Корноухий, позевывая, смотрел на тот берег реки, туда, где была видна полоска сада.
- Сад колхозный?
- Ага.
- Лазали? - первым свернул от начатой темы разговора Ромка.
- Чего не лазать? - удивился лениво Корноухий.
- Раз - и там... Только в саду дед с ружьем, бабахает солью - успевай только прятаться. И собака мордастая - не захочется яблок!
- Говорят, стараешься ты для Черного, Раим.
- А тебе что?! - снова готов был взбелениться Корноухий и уже побледнел, задрожал, готовый выдавить слезу, но Ромка, наученный опытом, желая успокоить собеседника, сказал о другом, кажется, что-то про удода. Корноухий подозрительно покосился:
- И для себя... И для него... И ты будешь стараться. Обломает - как миленький будешь стараться.
- Для него - нет! - сказал убежденно Ромка, машинально раскрыв книгу.
- Это куда повернет жизнь, - сказал рассудительно Корноухий. - А книга интересная?
- Мне нравится. Хочешь, почитаю вслух? - неожиданно предложил Ромка.
- Читай, мне что!
Ромка прочитал две-три страницы, но, заметив краешком глаза, как позевывал мальчишка, прервал чтение.
- Серьезная, - сказал Корноухий, придя в замешательство.
- Только не для чтения вслух, - успокоил его Ромка, нарочито в поддержку зевнув и захлопнув книгу.

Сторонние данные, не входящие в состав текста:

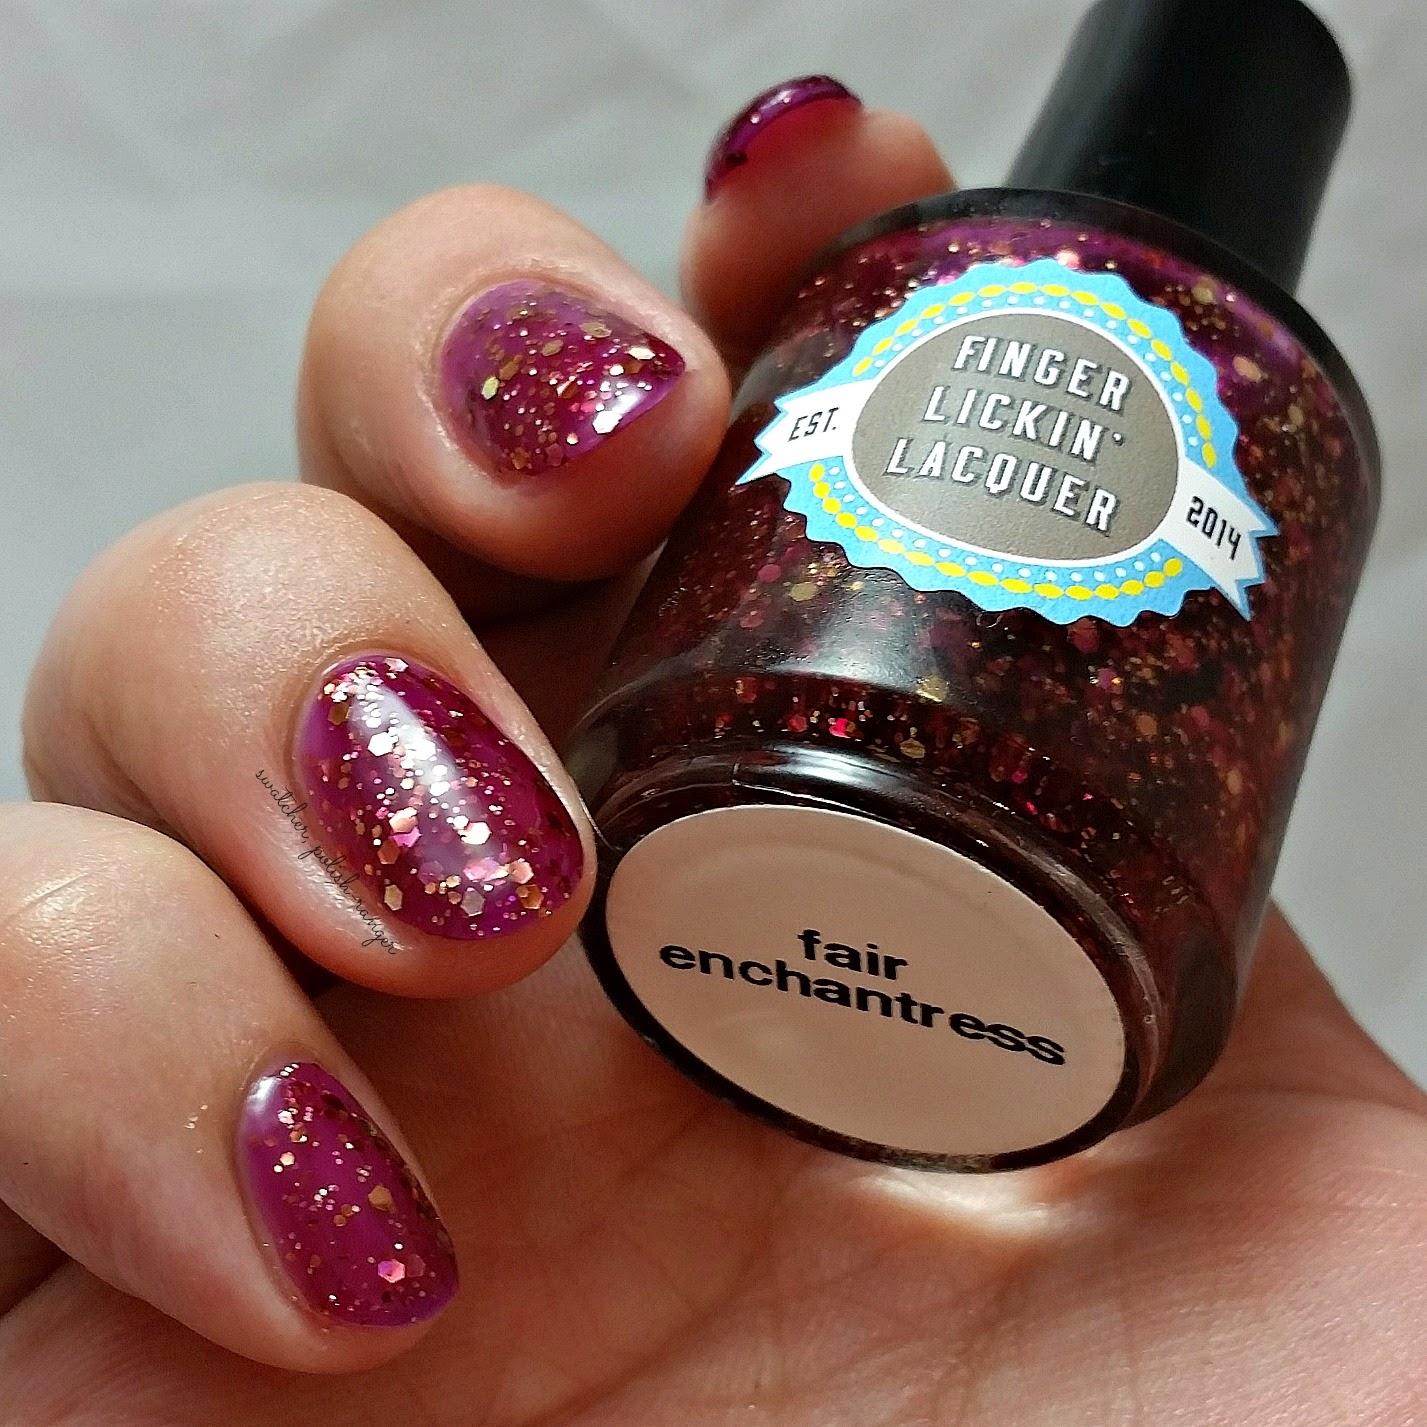 swatcher, polish-ranger | Finger Lickin Lacquer Fair Enchantress swatch
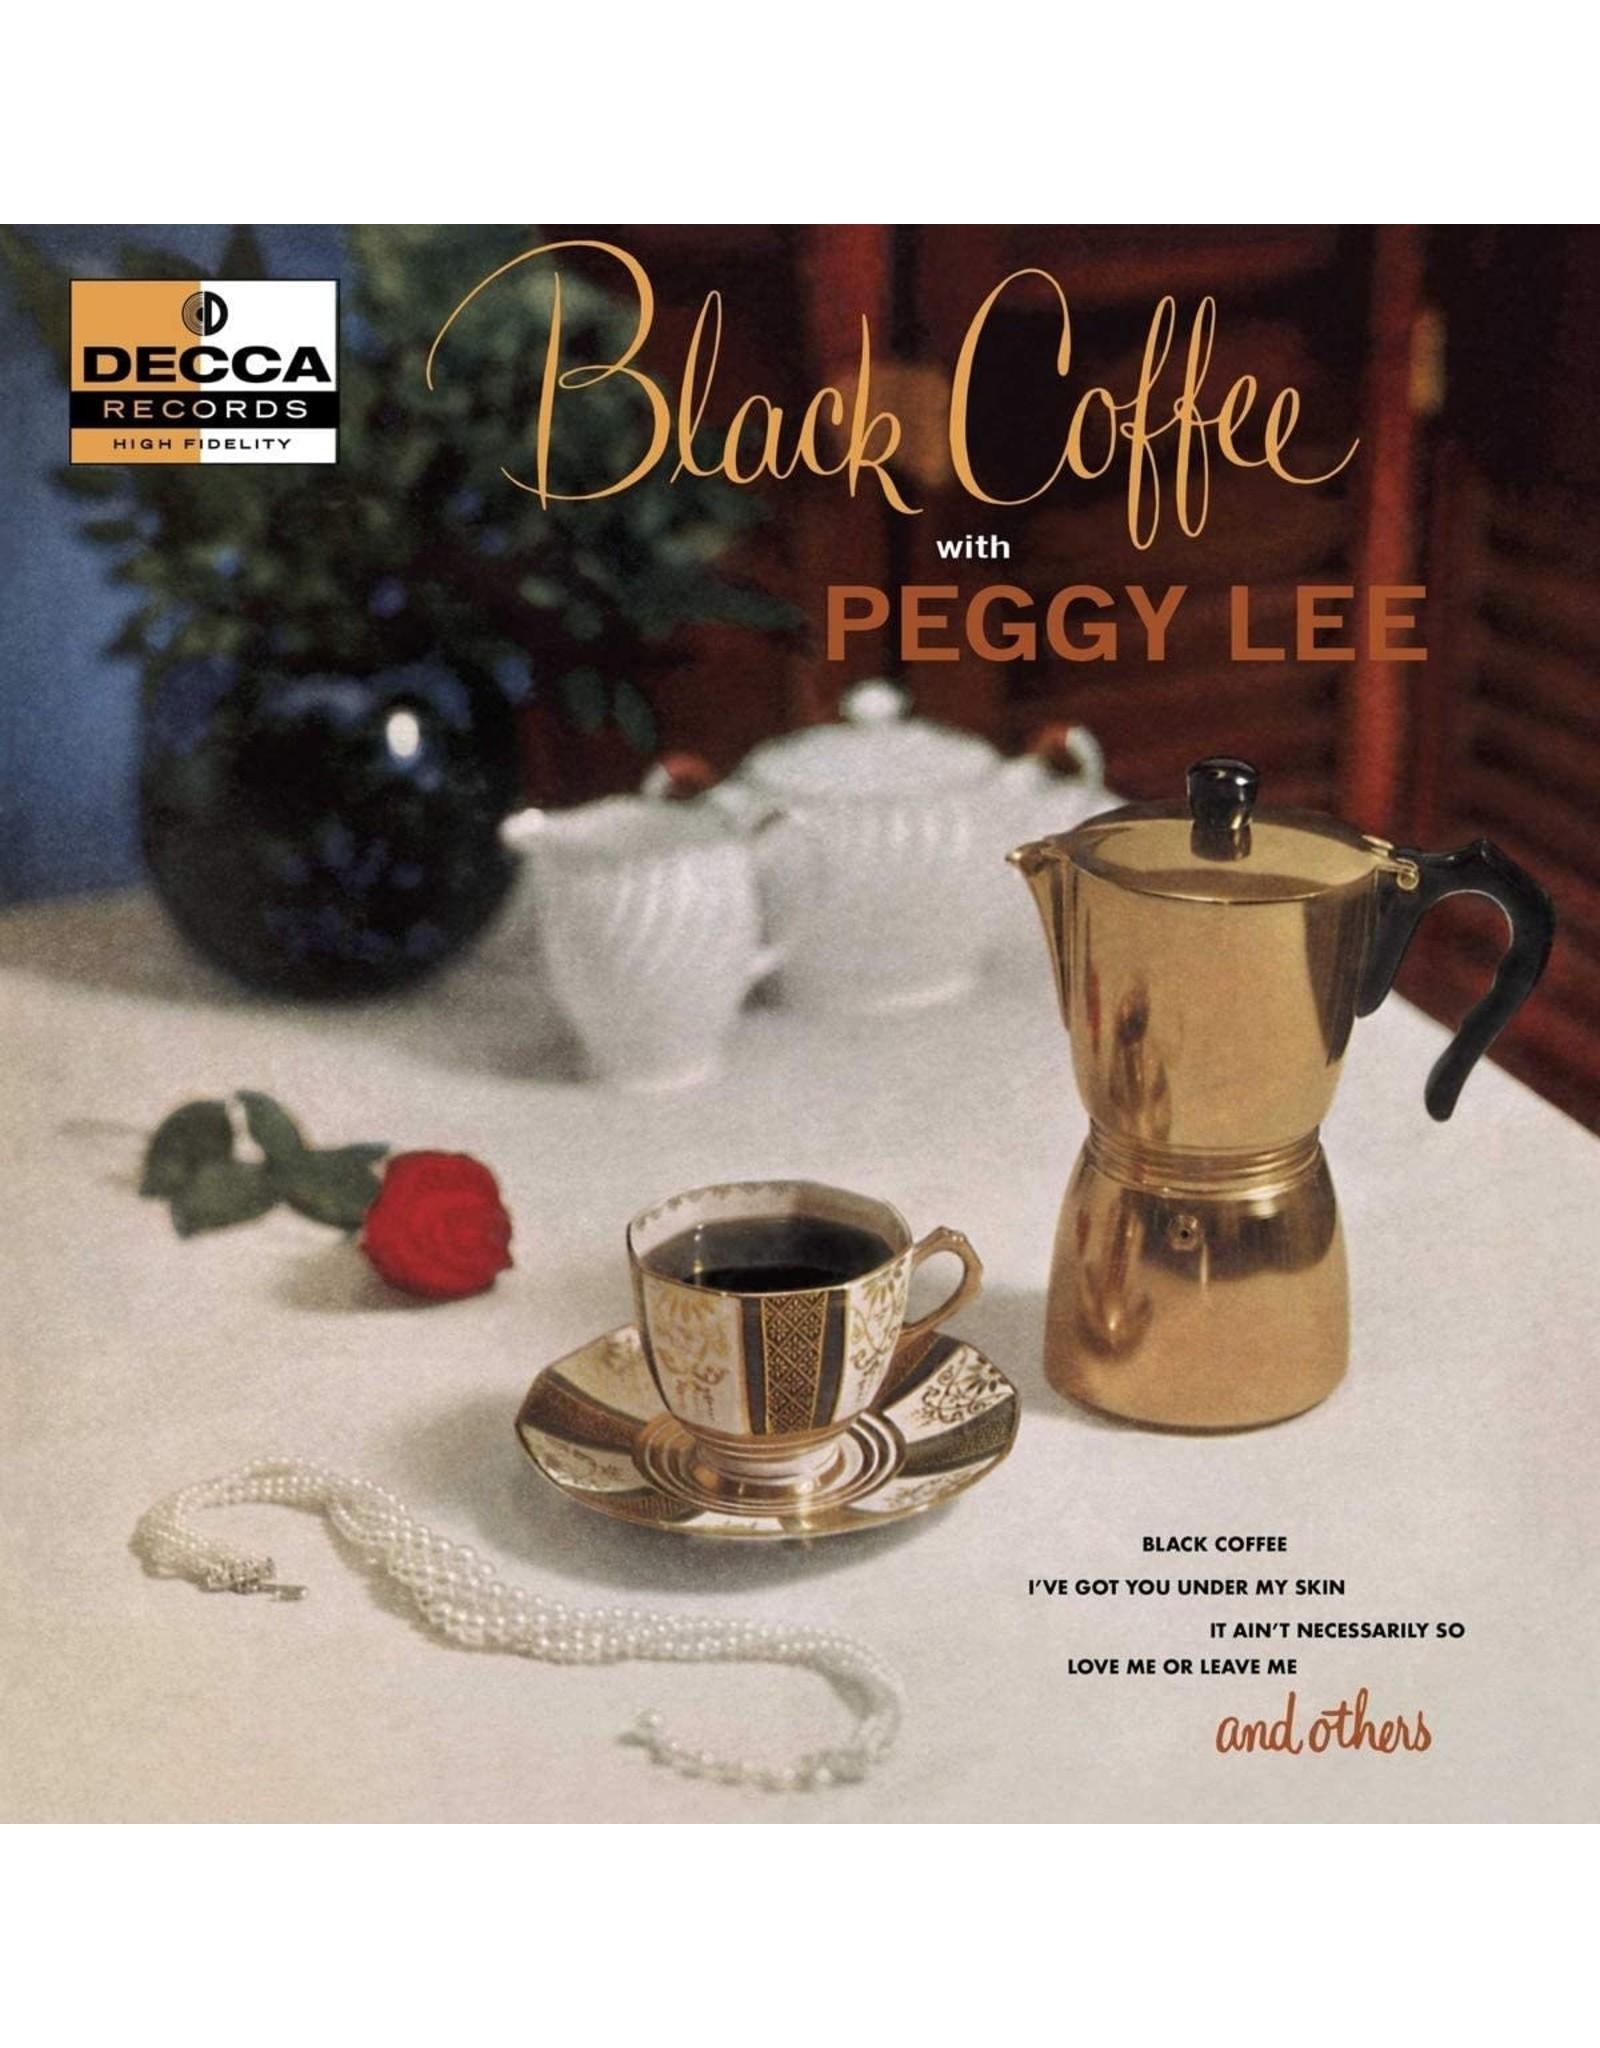 Lee, Peggy - Black Coffee (Acoustic Sound Series) LP

- Вот-вот, я же говорю: серьезная книга, - обрадовался Корноухий.
Наступила пауза.
- Ты думаешь, Черного боюсь, с чего? - сказал неожиданно Корноухий. - Как бы не так! Так и быть, скажу, только никому - чтоб язычок держать за зубами.
- Обещаю.
- Знаю, не скажешь, все равно побожись,
- Клянусь!
- Не-е-е, не выйдет. Клянись матерью. Вот так. Чтоб мне больше не видеть мать родную!
Ромка побледнел.
- Не буду, - сказал он негромко, но твердо. - И вообще... Иди ты! Не нужна мне твоя тайна!
- Я же так... ладно... - сказал растерянно Корноухий.
- Застукал он - так вышло. Меня послали за мылом в учительскую. А там передняя, помнишь, маленькая комната.
В этой-то передней и произошло то, о чем с волнением, сбиваясь, вдруг стал рассказывать Корноухий.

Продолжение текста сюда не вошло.